병렬처리를 위해 데이터를 나눴으므로 차원이 다르다. 그래서 nyt_headline_token의 첫번째 요소에 나머지 요소들을 붙이고 첫번째 요소만 빼오는 방법으로 데이터를 다시 재정비하였다.

nyt_headline_date = list(map(nyt_func.date_cut_day, nyt_headline_date))
nyt_headline_date_token = [[nyt_headline_date[i][1]] + nyt_headline_token[i] for i in range(len(nyt_headline_date))]
nyt_headline_date_token = sorted(nyt_headline_date_token, key=lambda date_plus_tit_txt: date_plus_tit_txt[0])
nyt_headline_token = list(map(nyt_func.from_combination_to_token, nyt_headline_date_token))

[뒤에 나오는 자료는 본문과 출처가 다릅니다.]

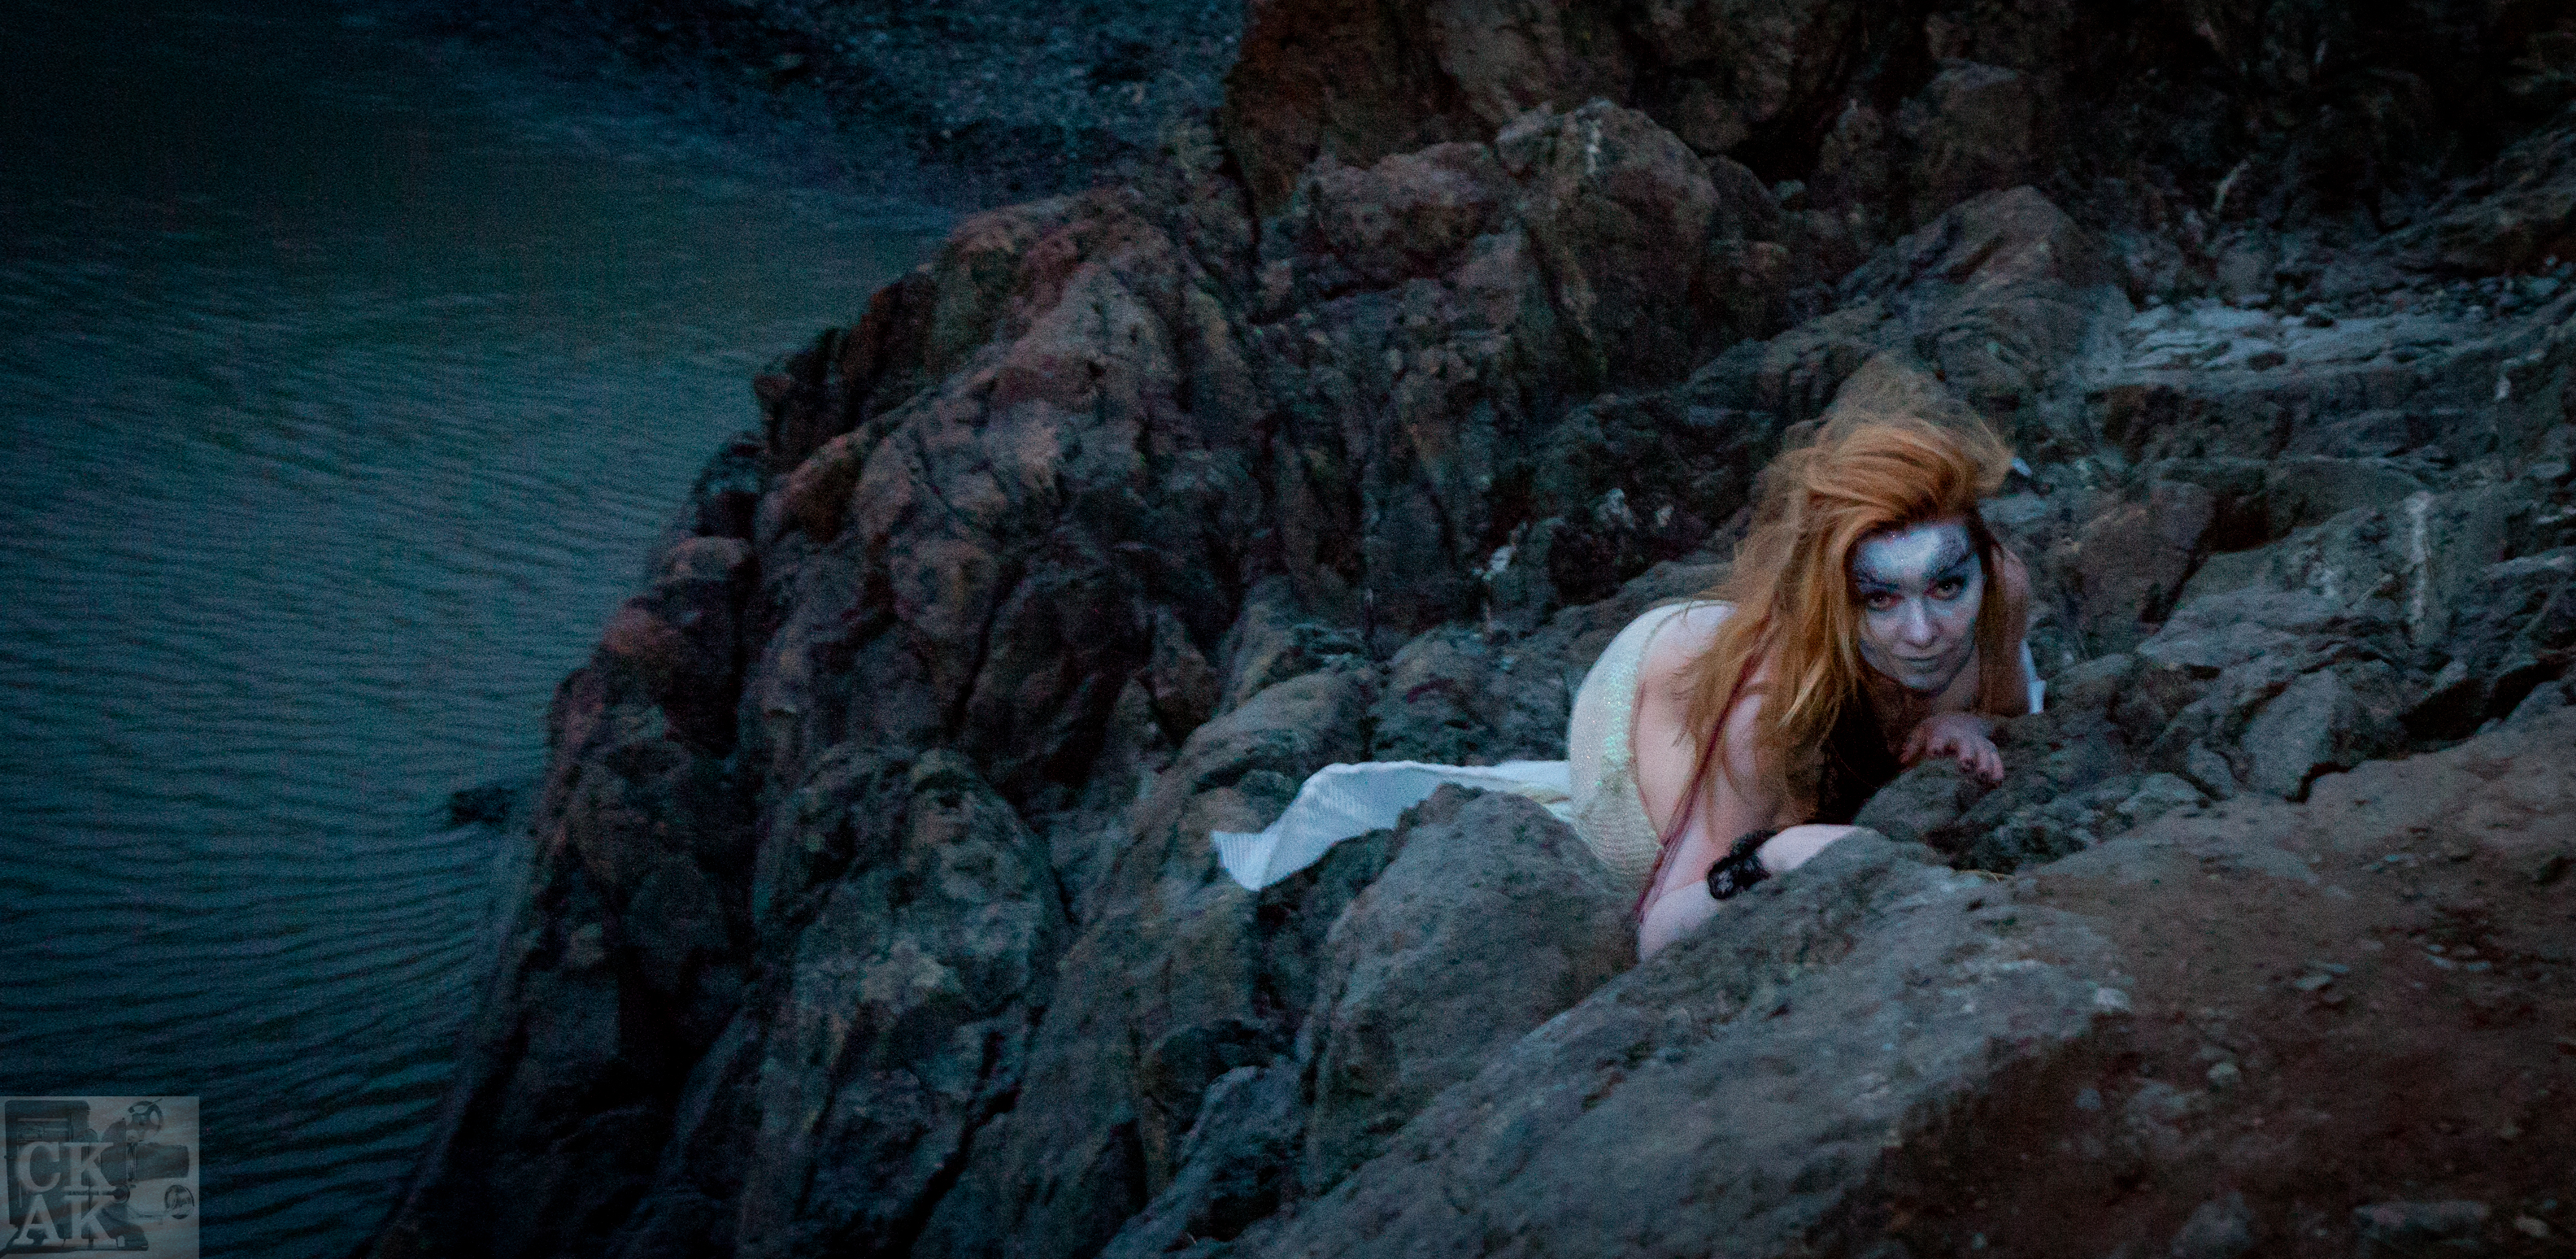 Midnight Mermaid at Beluga Point

nyt_headline_sentence = list(map(nyt_func.word_to_sentence, nyt_headline_token))

nyt_date = [[nyt_headline_date[i][1]] for i in range(len(nyt_headline_date))]
nyt_headline_sentence = [nyt_date[i] + [nyt_headline_sentence[i]] for i in range(len(nyt_headline_sentence))]

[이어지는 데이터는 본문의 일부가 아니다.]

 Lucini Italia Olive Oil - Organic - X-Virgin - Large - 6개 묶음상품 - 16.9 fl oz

먼저, date를 YYYY-MM-DD 형식으로 만든다.

그리고 date와 token을 결합하고 정렬해 기사가 작성된 순서대로 정리한다.

그리고 from_combination_to_token 함수를 이용하여 date를 제외한 나머지 값만 뽑아낸다.

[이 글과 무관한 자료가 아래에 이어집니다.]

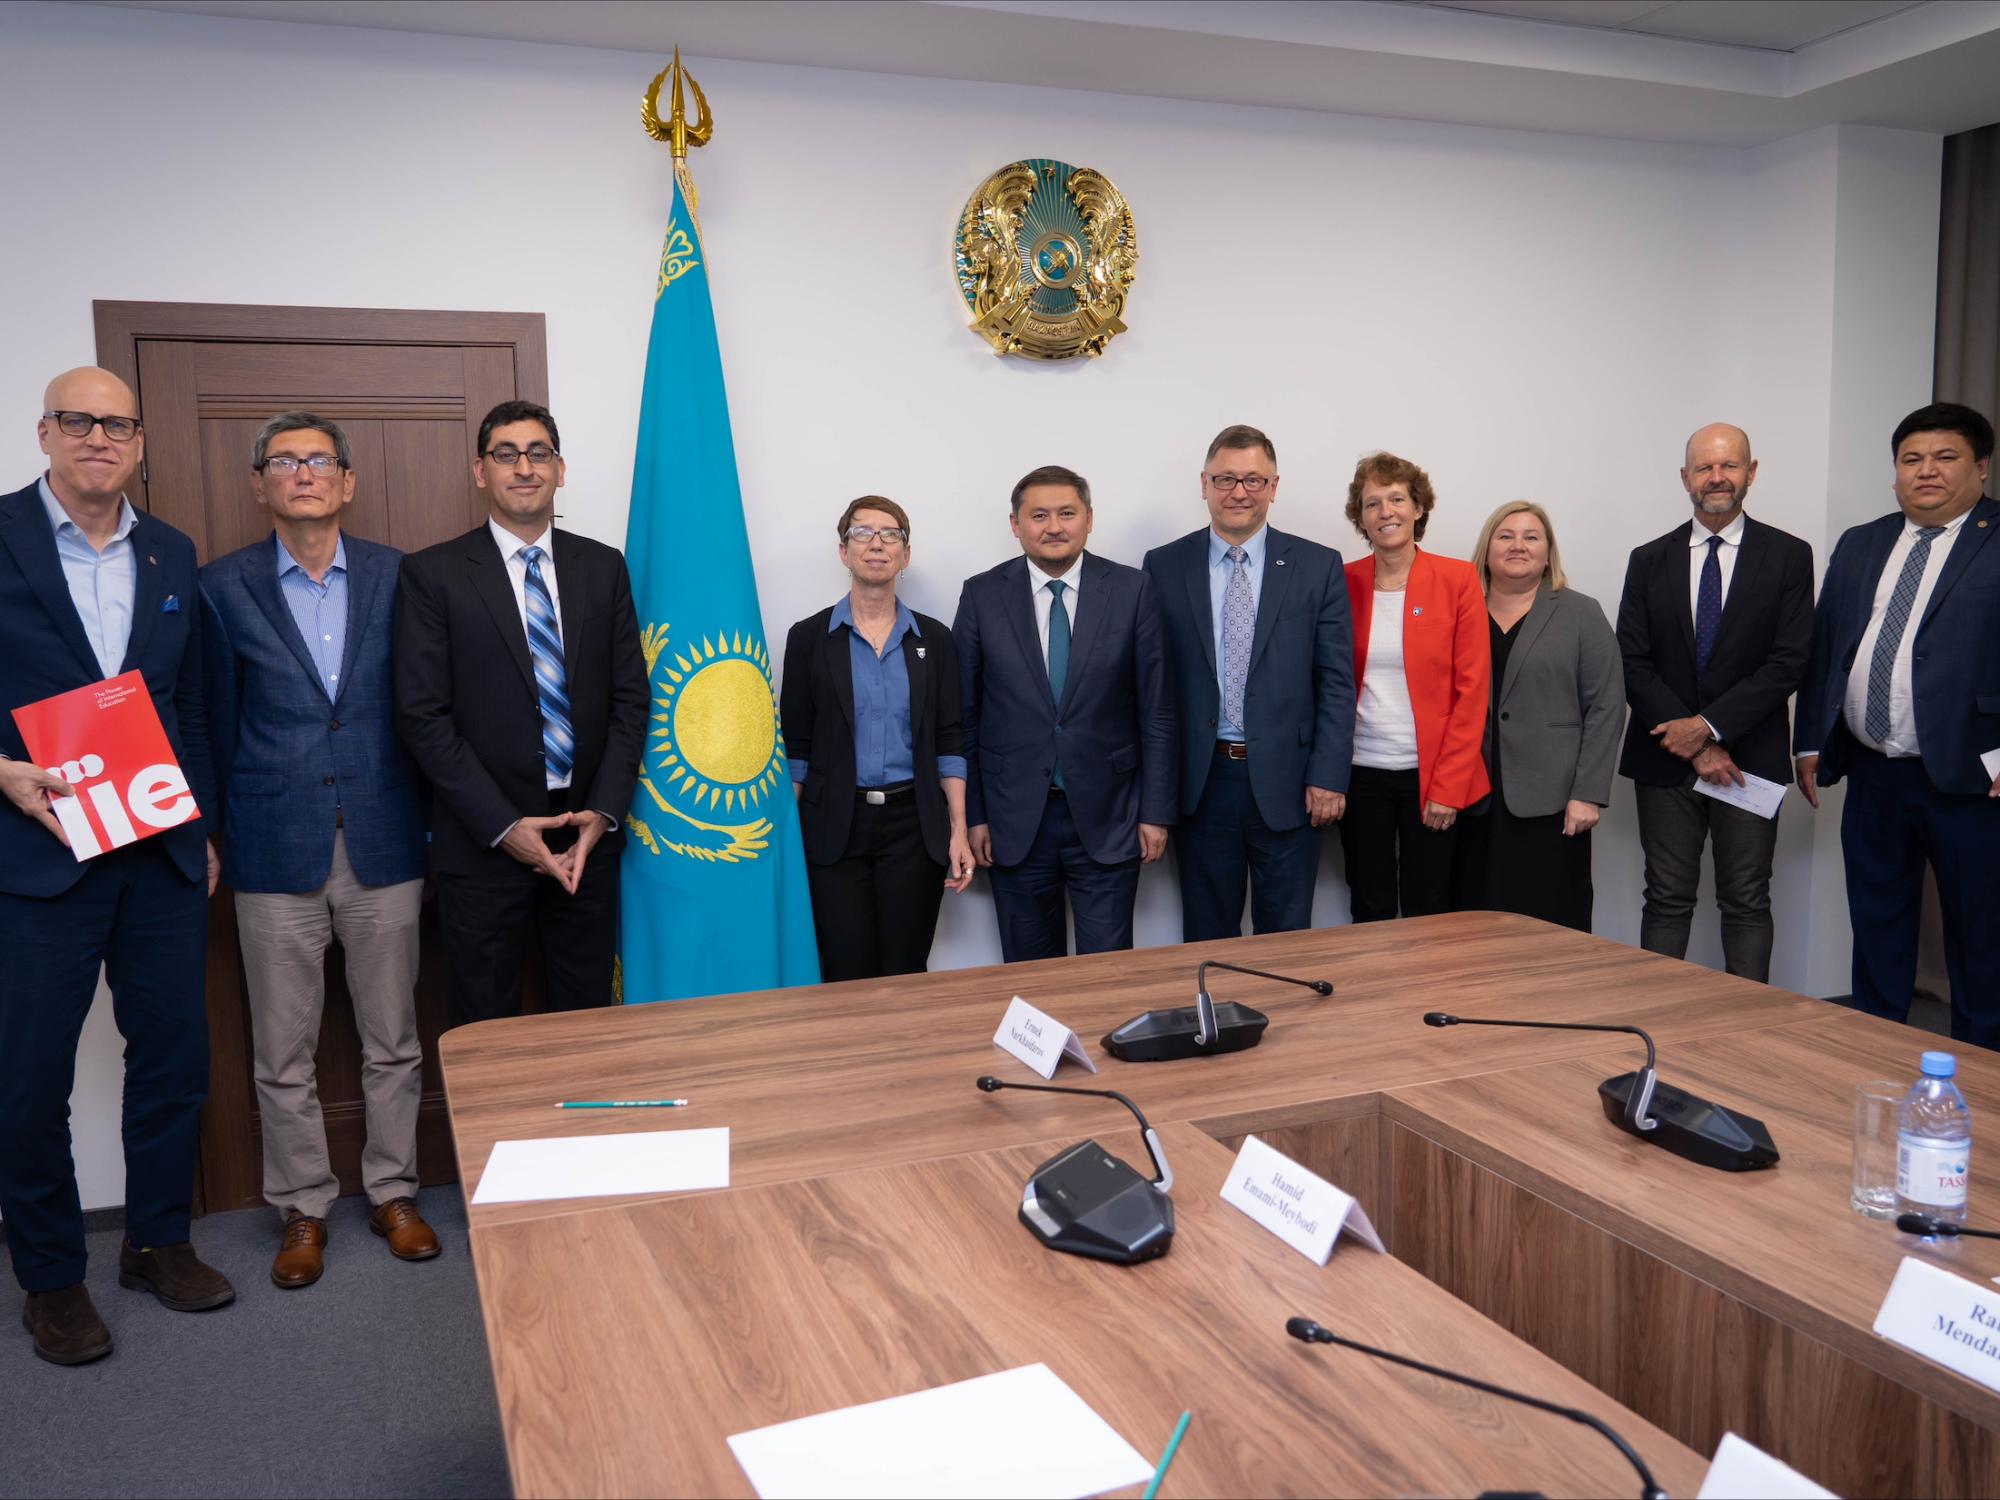 Penn State Delegation advances partnerships with universities in Kazakhstan

lambda를 쓸 수도 있지만 문장이 너무 길어지고 보기 어려우므로 함수를 생성해서 처리하였다.

그리고 word_to_sentence 함수를 이용해서 한 리스트의 token을 한 문장으로 결합한다.

그리고 다시 date를 결합한다.

%%time
analyzer = SentimentIntensityAnalyzer()
nyt_headline_sentence = [nyt_headline_sentence[i] + [analyzer.polarity_scores(nyt_headline_sentence[i][1])["compound"]] for i in range(len(nyt_headline_sentence))]

nyt_score = []
for i in range(len(nyt_headline_sentence)):
    if nyt_headline_sentence[i][1] != "":
        score = nyt_headline_sentence[i] + [TextBlob(nyt_headline_sentence[i][1]).sentences[0].sentiment.polarity]
    else : score = nyt_headline_sentence[i] + [0.0]
    nyt_score.append(score)
    
    
nyt_score = pd.DataFrame(nyt_score)
nyt_score.columns = ["Date","Headline", "N_Score", "B_Score"]
nyt_score = nyt_score[["Date", "N_Score", "B_Score"]]
nyt_score.to_csv("nyt_score.csv", index = False)

약 15분의 시간을 소요해 NLTK의 감성분석을 실행하였고, compound 값만 추출하였다. -1~1 사이의 값으로 긍정, 중립, 부정을 평가한다.

그리고 TextBlob을 이용해 score을 계산한 값도 추가를 한다.

원래는 headline은 NLTK, 본문은 TextBlob으로 처리해야하지만 NYT의 뉴스 본문까지 가져오려면 일정한 금액을 내야하므로 headline을 NLTK와 TextBlob으로 각각 점수를 내었다.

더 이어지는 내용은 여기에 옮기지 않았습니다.